The second part of our evaluation is for the sentiment classification step. In aspect-based sentiment classification, we evaluate the performance of each ML classifier by conducting experiments on different data sizes, feature-weighting methods and feature types. Moreover, we examine the time taken by each classifier on different sizes of data sets to establish the scalability issue of various classifiers used in our experiments. Table 7 shows the results of the classifiers. It can be seen that the advanced evaluation measures (precision, recall, F-measure and ROC) have been used to determine the superiority of a particular classifier. It is obvious from Table 7 that NBM classifier achieves best accuracy results for both the data sets. An accuracy of 89.34% and 91.53% has been achieved for restaurants and hotels data set, respectively. NBM works on the probability calculation method for each class. One of the reasons of getting better accuracies using NBM is that the probability calculation mechanism of NBM algorithm suits this two class problem of sentiment classification.

Table 7.

Classifiers performance on restaurants and hotels data sets.

Restaurants data set					Hotels data set
Classifier	Accuracy	Precision	Recall	F-measure	Accuracy	Precision	Recall	F-measure
NBM	89.34%	0.89	0.89	0.89	91.53%	0.92	0.91	0.92
SVM	89.02%	0.89	0.89	0.88	89.93%	0.90	0.90	0.90
ME	85.74%	0.85	0.85	0.85	83.83%	0.84	0.84	0.84
RFT	88.42%	0.88	0.88	0.88	87.79%	0.88	0.88	0.87
FLR	77.96%	0.78	0.78	0.78	80.12%	0.80	0.80	0.80

NBM: naïve Bayes multinomial; SVM: support vector machine; ME: maximum entropy; RFT: random forest tree; FLR: fuzzy lattice reasoning.

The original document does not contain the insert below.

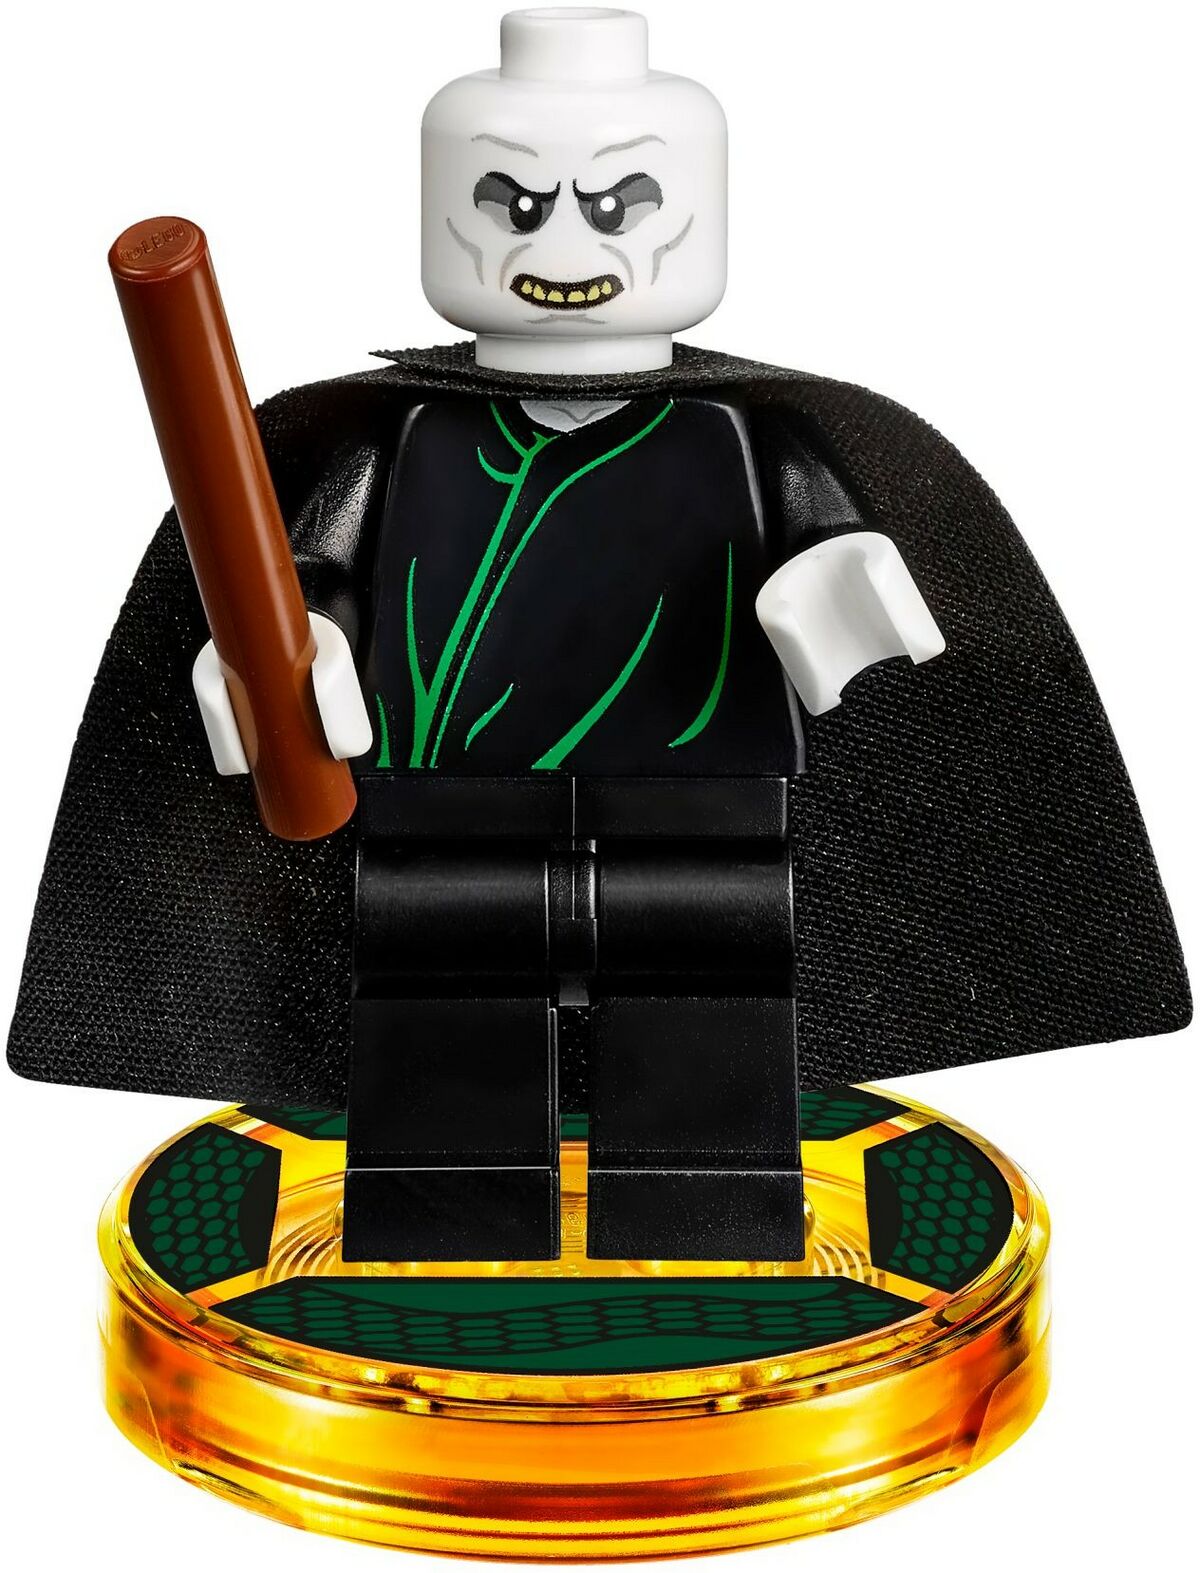 Dobby, LEGO Dimensions Wiki
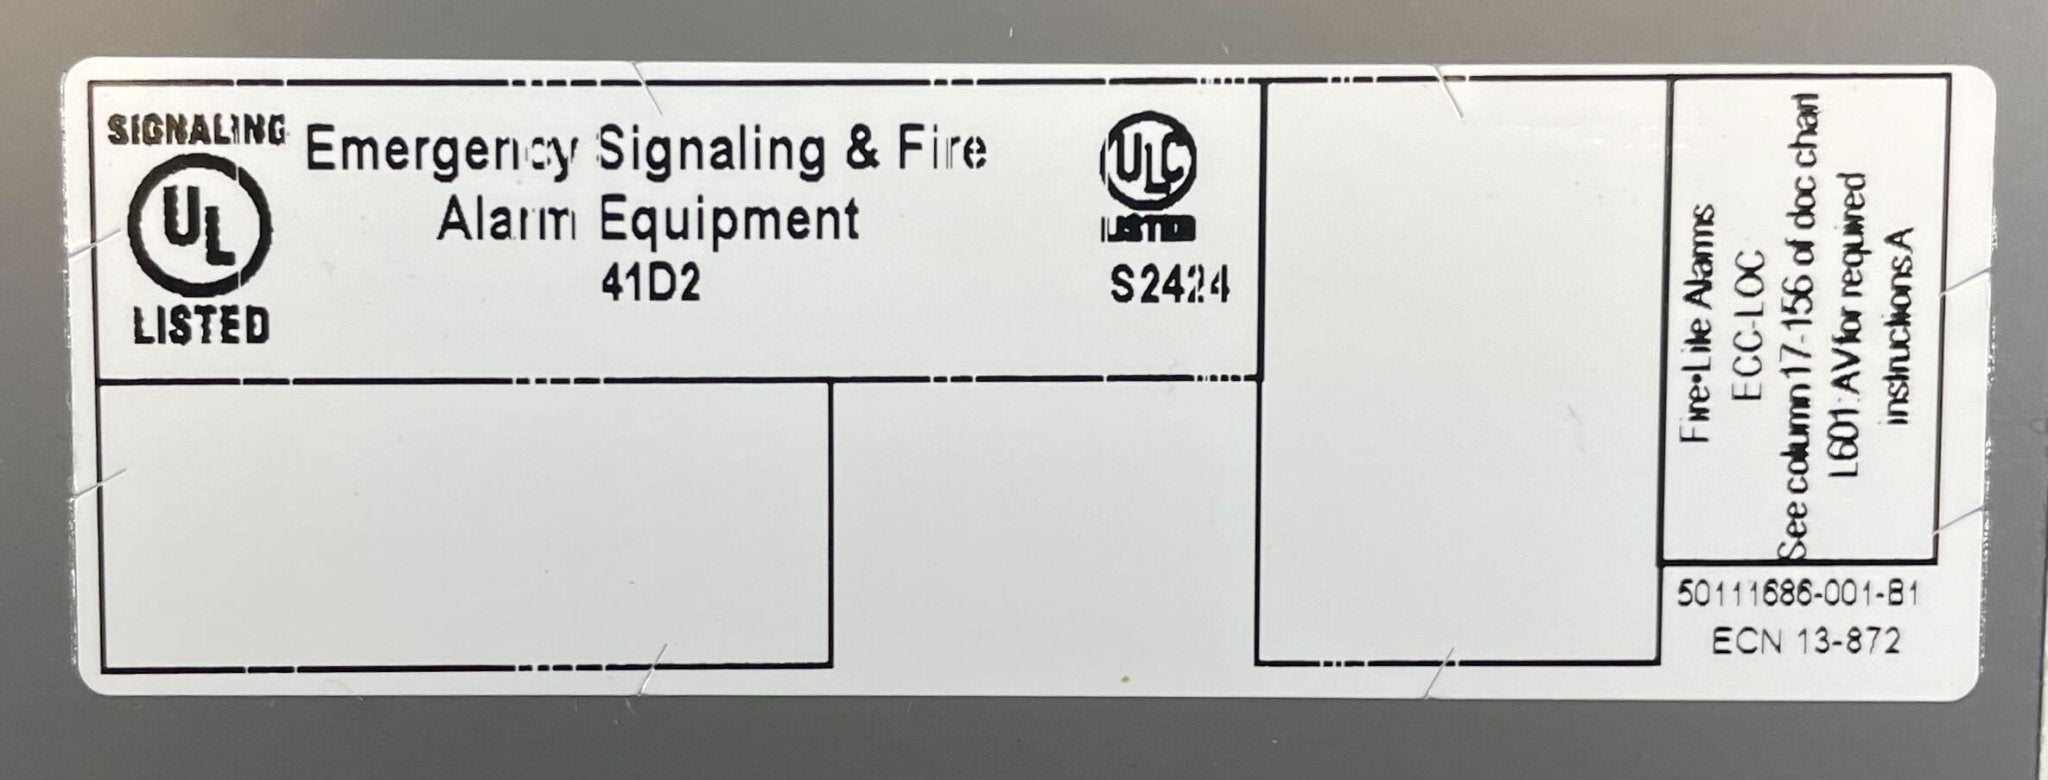 Firelite ECC-LOC - The Fire Alarm Supplier

However, approaches in the past utilised this algorithm without proper pre-processing of the review text data. In our proposed method, the major reason of getting this accuracy improvement for NBM is the proper identification of aspects including implicit, co-referential and infrequent. Moreover, our proposed pre-processing method along with aspect identification mechanism has the power to augment not only NBM but also other classifiers which are known to be very accurate for two class problem such as SVM. Area under the ROC curve is an established measure to determine the supremacy of a classifier. It can be seen from Figures 7 and 8 that ROC curves plotted based also reflect that NBM and SVM outperformed other classifiers for both data sets.

Figure 7.

ROC curve on restaurants data set.

Figure 8.

ROC curve on hotels data set.

Figures 9 and 10 present accuracy of each algorithm according to the time taken to predict labels of reviews. This experiment was performed on a 64-bit Windows-based system with an Intel core (i7), 2.80 GHz processor machine with 8 Gb of RAM. The results on time-based experiments show that NBM takes the least time on both restaurants and hotels data sets while FLR takes the worst time. We argue that NBM is faster than SVM, ME, RFT, FLR or any other ML algorithm for review-related data sets and scales well with the increase in data size.

Figure 9.

Classifiers prediction time with different instances sizes on restaurants data set.

Figure 10.

Classifiers prediction time with different instances sizes on hotels data set.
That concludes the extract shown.